**Extracted information**:

____________

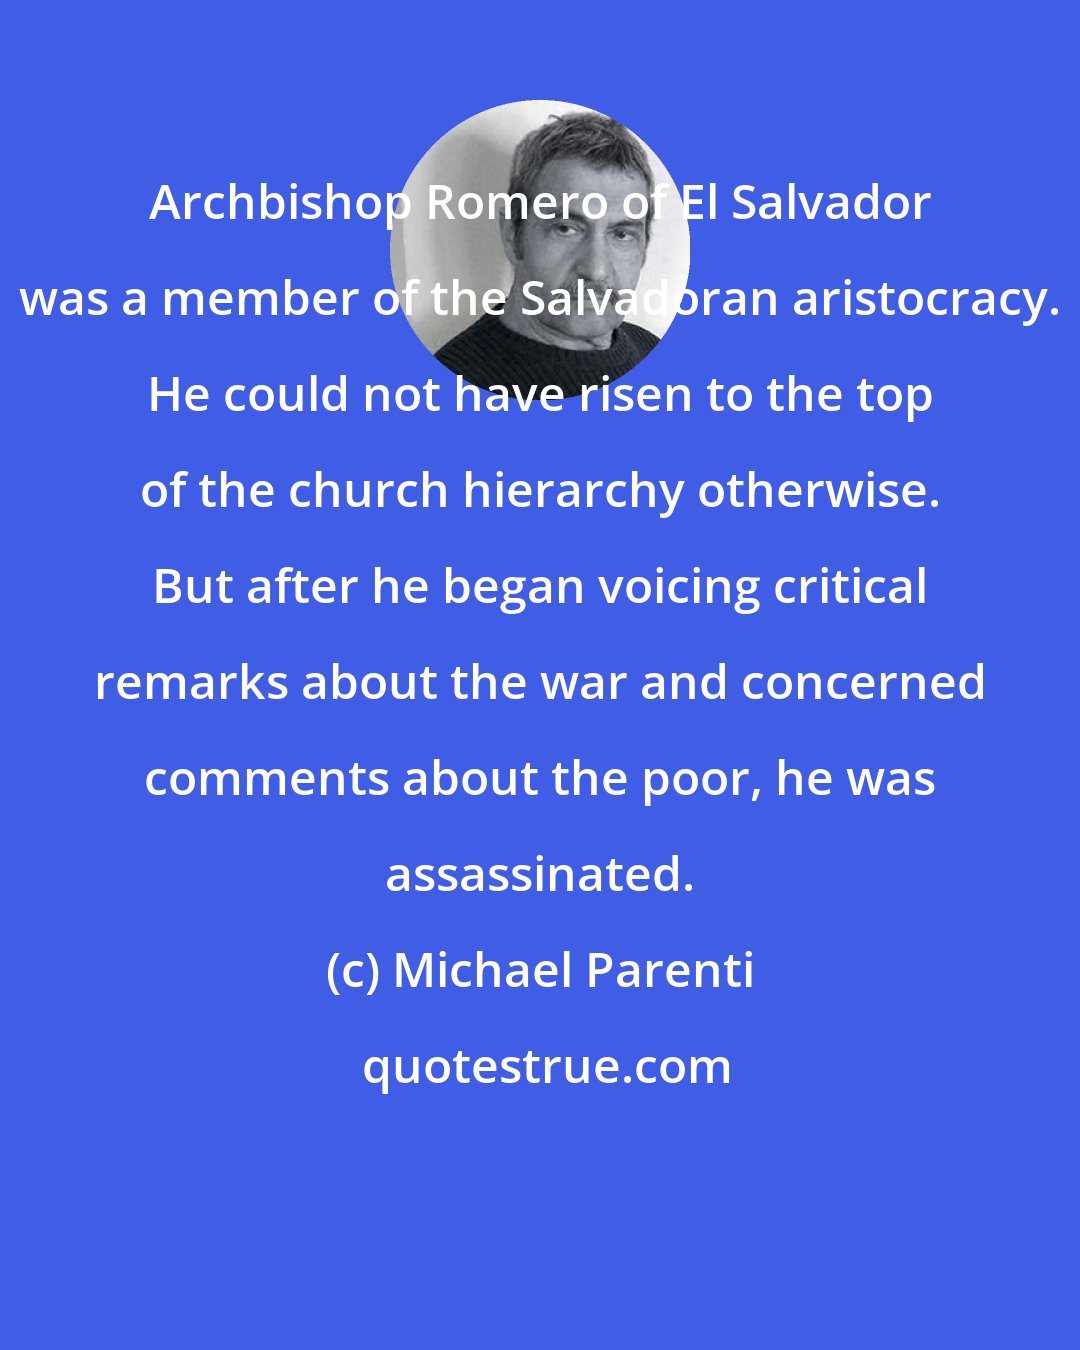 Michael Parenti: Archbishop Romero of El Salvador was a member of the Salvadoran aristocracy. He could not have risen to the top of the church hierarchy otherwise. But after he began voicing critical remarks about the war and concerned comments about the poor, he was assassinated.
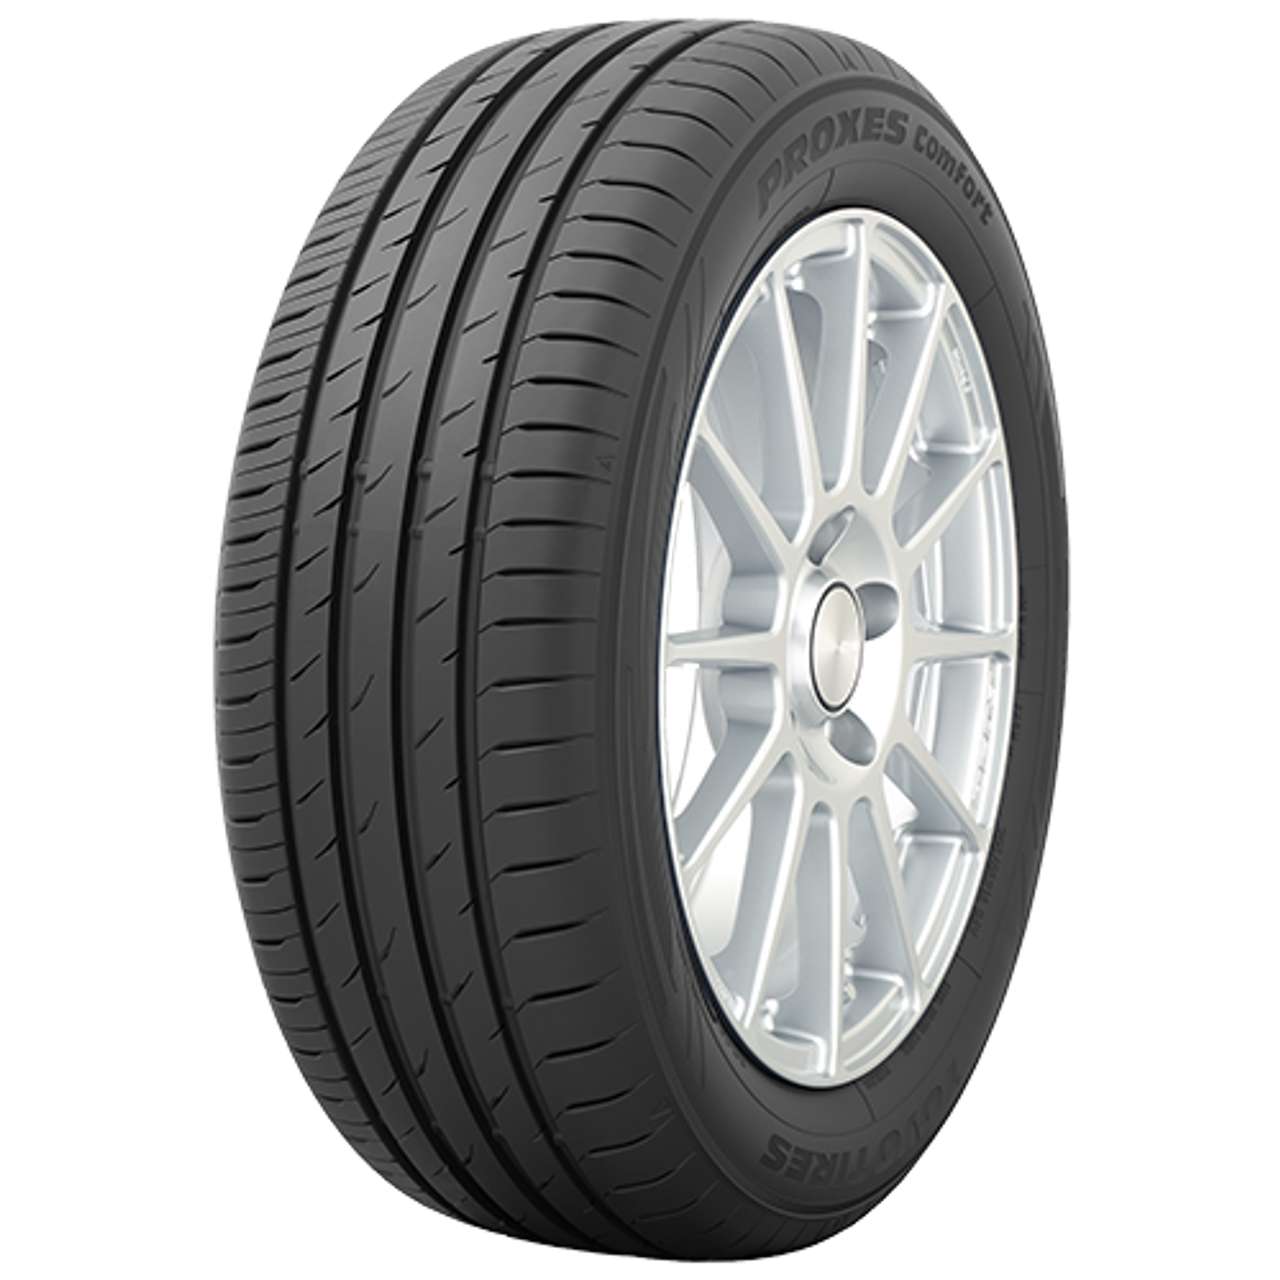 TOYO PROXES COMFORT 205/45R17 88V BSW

____________

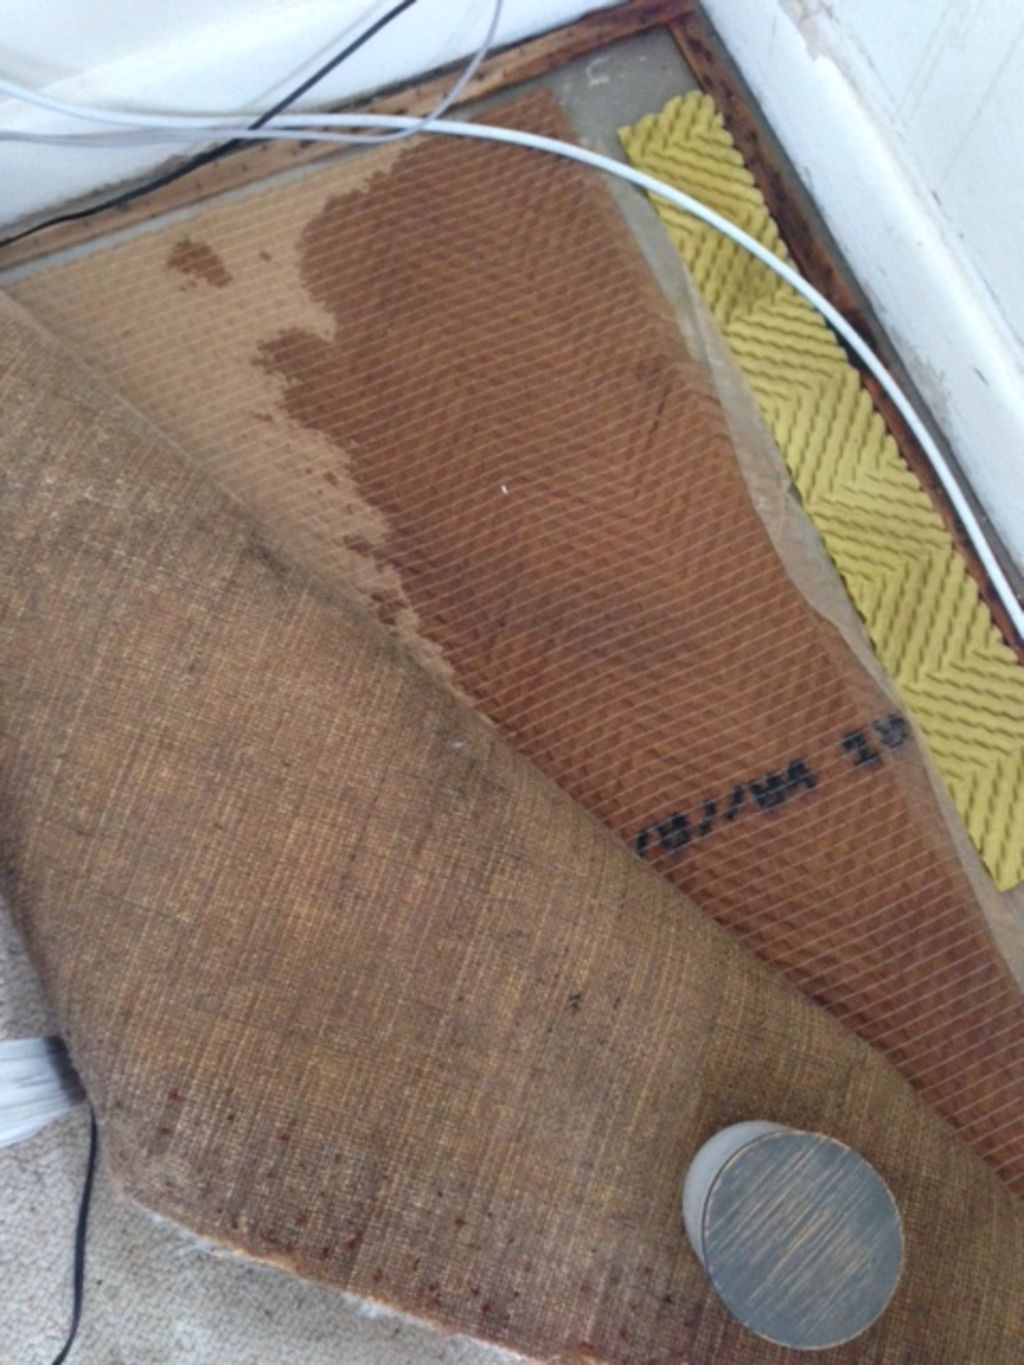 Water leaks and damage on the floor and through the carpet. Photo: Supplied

____________

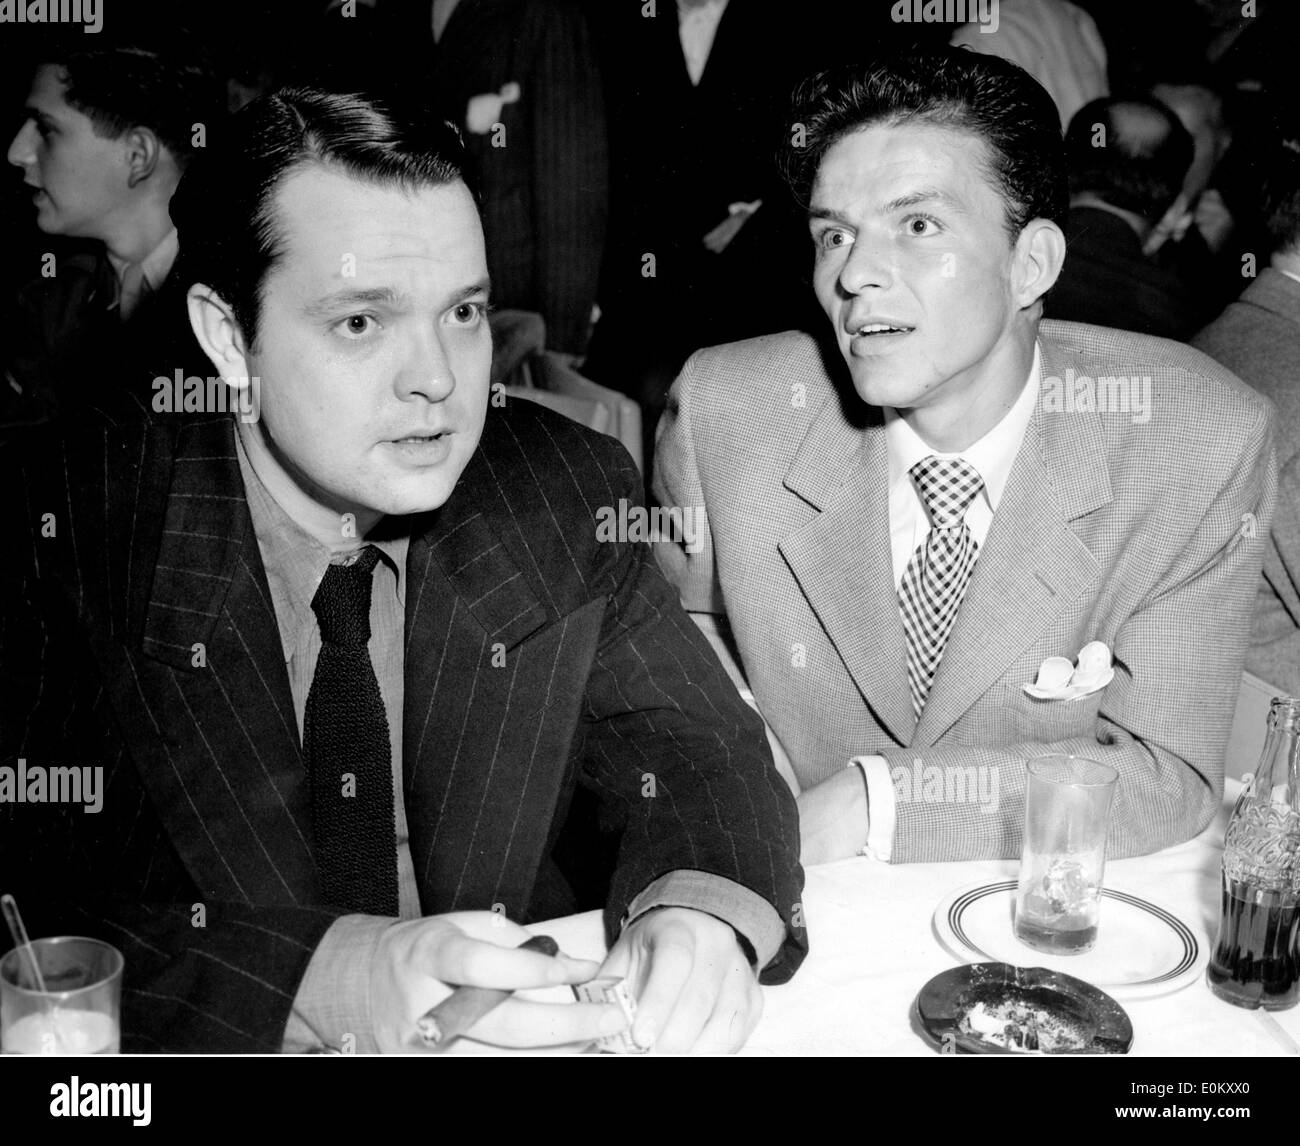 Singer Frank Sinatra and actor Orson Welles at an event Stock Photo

____________

**Directions for this task**:
Write out again exactly the lines above from the one with "Michael Parenti: Archbishop" through the one with "TOYO PROXES COMFORT 205/45R17 88V BSW", adding no other lines and no pictures.

**Solved problem**:
 Michael Parenti: Archbishop Romero of El Salvador was a member of the Salvadoran aristocracy. He could not have risen to the top of the church hierarchy otherwise. But after he began voicing critical remarks about the war and concerned comments about the poor, he was assassinated.
 TOYO PROXES COMFORT 205/45R17 88V BSW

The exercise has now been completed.